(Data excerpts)
==============================
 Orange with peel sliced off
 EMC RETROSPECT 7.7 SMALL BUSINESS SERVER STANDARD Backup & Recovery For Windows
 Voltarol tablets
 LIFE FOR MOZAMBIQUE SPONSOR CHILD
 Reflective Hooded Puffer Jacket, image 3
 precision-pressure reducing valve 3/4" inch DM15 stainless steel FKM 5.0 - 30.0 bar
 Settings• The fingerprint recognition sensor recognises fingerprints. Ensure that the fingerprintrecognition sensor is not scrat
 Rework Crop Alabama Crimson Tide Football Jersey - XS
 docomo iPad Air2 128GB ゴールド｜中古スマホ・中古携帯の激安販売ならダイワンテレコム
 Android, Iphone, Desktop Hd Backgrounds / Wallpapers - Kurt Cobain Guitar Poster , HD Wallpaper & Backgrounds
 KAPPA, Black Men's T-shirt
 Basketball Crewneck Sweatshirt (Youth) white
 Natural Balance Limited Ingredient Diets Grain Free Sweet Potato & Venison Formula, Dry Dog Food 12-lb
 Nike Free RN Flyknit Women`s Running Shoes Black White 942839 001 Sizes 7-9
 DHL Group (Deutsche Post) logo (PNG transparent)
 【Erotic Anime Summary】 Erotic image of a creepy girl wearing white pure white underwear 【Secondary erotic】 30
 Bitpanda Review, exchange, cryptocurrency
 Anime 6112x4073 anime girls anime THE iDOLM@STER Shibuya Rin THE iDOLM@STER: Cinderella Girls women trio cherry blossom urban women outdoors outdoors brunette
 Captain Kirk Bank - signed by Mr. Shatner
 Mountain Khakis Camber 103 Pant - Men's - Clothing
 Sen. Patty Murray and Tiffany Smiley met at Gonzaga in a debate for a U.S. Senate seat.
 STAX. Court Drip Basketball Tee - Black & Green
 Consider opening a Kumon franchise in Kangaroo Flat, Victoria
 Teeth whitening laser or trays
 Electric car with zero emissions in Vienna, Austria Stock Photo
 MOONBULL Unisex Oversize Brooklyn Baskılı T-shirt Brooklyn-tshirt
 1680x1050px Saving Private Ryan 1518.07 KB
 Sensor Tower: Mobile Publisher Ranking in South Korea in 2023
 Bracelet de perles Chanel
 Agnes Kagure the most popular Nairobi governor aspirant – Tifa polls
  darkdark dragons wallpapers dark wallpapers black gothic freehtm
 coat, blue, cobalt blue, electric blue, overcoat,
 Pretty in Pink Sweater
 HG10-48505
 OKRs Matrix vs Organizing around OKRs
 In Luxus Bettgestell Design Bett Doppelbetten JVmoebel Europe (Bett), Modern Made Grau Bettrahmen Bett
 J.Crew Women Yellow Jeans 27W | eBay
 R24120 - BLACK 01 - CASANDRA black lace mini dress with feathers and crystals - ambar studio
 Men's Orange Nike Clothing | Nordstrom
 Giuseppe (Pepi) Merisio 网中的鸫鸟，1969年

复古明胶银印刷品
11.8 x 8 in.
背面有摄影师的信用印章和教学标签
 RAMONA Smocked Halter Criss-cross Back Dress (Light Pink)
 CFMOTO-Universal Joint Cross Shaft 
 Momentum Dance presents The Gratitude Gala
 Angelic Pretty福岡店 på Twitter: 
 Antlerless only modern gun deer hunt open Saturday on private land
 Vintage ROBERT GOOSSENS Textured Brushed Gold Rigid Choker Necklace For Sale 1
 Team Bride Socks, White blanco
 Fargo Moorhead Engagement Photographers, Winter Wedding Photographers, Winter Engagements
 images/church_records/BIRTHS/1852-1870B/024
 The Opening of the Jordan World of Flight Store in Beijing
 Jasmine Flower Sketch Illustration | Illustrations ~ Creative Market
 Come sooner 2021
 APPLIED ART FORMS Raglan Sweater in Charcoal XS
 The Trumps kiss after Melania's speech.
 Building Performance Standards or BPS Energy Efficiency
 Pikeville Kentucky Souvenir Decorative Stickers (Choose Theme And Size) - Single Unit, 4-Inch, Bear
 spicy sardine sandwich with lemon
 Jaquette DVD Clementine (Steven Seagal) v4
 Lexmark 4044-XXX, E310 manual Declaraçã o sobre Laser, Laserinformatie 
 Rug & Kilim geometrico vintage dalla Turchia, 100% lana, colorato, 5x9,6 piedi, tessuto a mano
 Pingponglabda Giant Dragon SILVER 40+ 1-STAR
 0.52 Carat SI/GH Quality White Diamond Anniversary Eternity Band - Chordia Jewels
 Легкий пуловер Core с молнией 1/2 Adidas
==============================
▶ What is needed
Each line of the data is to be retyped exactly.

▶ Task answer
 Orange with peel sliced off
 EMC RETROSPECT 7.7 SMALL BUSINESS SERVER STANDARD Backup & Recovery For Windows
 Voltarol tablets
 LIFE FOR MOZAMBIQUE SPONSOR CHILD
 Reflective Hooded Puffer Jacket, image 3
 precision-pressure reducing valve 3/4" inch DM15 stainless steel FKM 5.0 - 30.0 bar
 Settings• The fingerprint recognition sensor recognises fingerprints. Ensure that the fingerprintrecognition sensor is not scrat
 Rework Crop Alabama Crimson Tide Football Jersey - XS
 docomo iPad Air2 128GB ゴールド｜中古スマホ・中古携帯の激安販売ならダイワンテレコム
 Android, Iphone, Desktop Hd Backgrounds / Wallpapers - Kurt Cobain Guitar Poster , HD Wallpaper & Backgrounds
 KAPPA, Black Men's T-shirt
 Basketball Crewneck Sweatshirt (Youth) white
 Natural Balance Limited Ingredient Diets Grain Free Sweet Potato & Venison Formula, Dry Dog Food 12-lb
 Nike Free RN Flyknit Women`s Running Shoes Black White 942839 001 Sizes 7-9
 DHL Group (Deutsche Post) logo (PNG transparent)
 【Erotic Anime Summary】 Erotic image of a creepy girl wearing white pure white underwear 【Secondary erotic】 30
 Bitpanda Review, exchange, cryptocurrency
 Anime 6112x4073 anime girls anime THE iDOLM@STER Shibuya Rin THE iDOLM@STER: Cinderella Girls women trio cherry blossom urban women outdoors outdoors brunette
 Captain Kirk Bank - signed by Mr. Shatner
 Mountain Khakis Camber 103 Pant - Men's - Clothing
 Sen. Patty Murray and Tiffany Smiley met at Gonzaga in a debate for a U.S. Senate seat.
 STAX. Court Drip Basketball Tee - Black & Green
 Consider opening a Kumon franchise in Kangaroo Flat, Victoria
 Teeth whitening laser or trays
 Electric car with zero emissions in Vienna, Austria Stock Photo
 MOONBULL Unisex Oversize Brooklyn Baskılı T-shirt Brooklyn-tshirt
 1680x1050px Saving Private Ryan 1518.07 KB
 Sensor Tower: Mobile Publisher Ranking in South Korea in 2023
 Bracelet de perles Chanel
 Agnes Kagure the most popular Nairobi governor aspirant – Tifa polls
  darkdark dragons wallpapers dark wallpapers black gothic freehtm
 coat, blue, cobalt blue, electric blue, overcoat,
 Pretty in Pink Sweater
 HG10-48505
 OKRs Matrix vs Organizing around OKRs
 In Luxus Bettgestell Design Bett Doppelbetten JVmoebel Europe (Bett), Modern Made Grau Bettrahmen Bett
 J.Crew Women Yellow Jeans 27W | eBay
 R24120 - BLACK 01 - CASANDRA black lace mini dress with feathers and crystals - ambar studio
 Men's Orange Nike Clothing | Nordstrom
 Giuseppe (Pepi) Merisio 网中的鸫鸟，1969年

复古明胶银印刷品
11.8 x 8 in.
背面有摄影师的信用印章和教学标签
 RAMONA Smocked Halter Criss-cross Back Dress (Light Pink)
 CFMOTO-Universal Joint Cross Shaft 
 Momentum Dance presents The Gratitude Gala
 Angelic Pretty福岡店 på Twitter: 
 Antlerless only modern gun deer hunt open Saturday on private land
 Vintage ROBERT GOOSSENS Textured Brushed Gold Rigid Choker Necklace For Sale 1
 Team Bride Socks, White blanco
 Fargo Moorhead Engagement Photographers, Winter Wedding Photographers, Winter Engagements
 images/church_records/BIRTHS/1852-1870B/024
 The Opening of the Jordan World of Flight Store in Beijing
 Jasmine Flower Sketch Illustration | Illustrations ~ Creative Market
 Come sooner 2021
 APPLIED ART FORMS Raglan Sweater in Charcoal XS
 The Trumps kiss after Melania's speech.
 Building Performance Standards or BPS Energy Efficiency
 Pikeville Kentucky Souvenir Decorative Stickers (Choose Theme And Size) - Single Unit, 4-Inch, Bear
 spicy sardine sandwich with lemon
 Jaquette DVD Clementine (Steven Seagal) v4
 Lexmark 4044-XXX, E310 manual Declaraçã o sobre Laser, Laserinformatie 
 Rug & Kilim geometrico vintage dalla Turchia, 100% lana, colorato, 5x9,6 piedi, tessuto a mano
 Pingponglabda Giant Dragon SILVER 40+ 1-STAR
 0.52 Carat SI/GH Quality White Diamond Anniversary Eternity Band - Chordia Jewels
 Легкий пуловер Core с молнией 1/2 Adidas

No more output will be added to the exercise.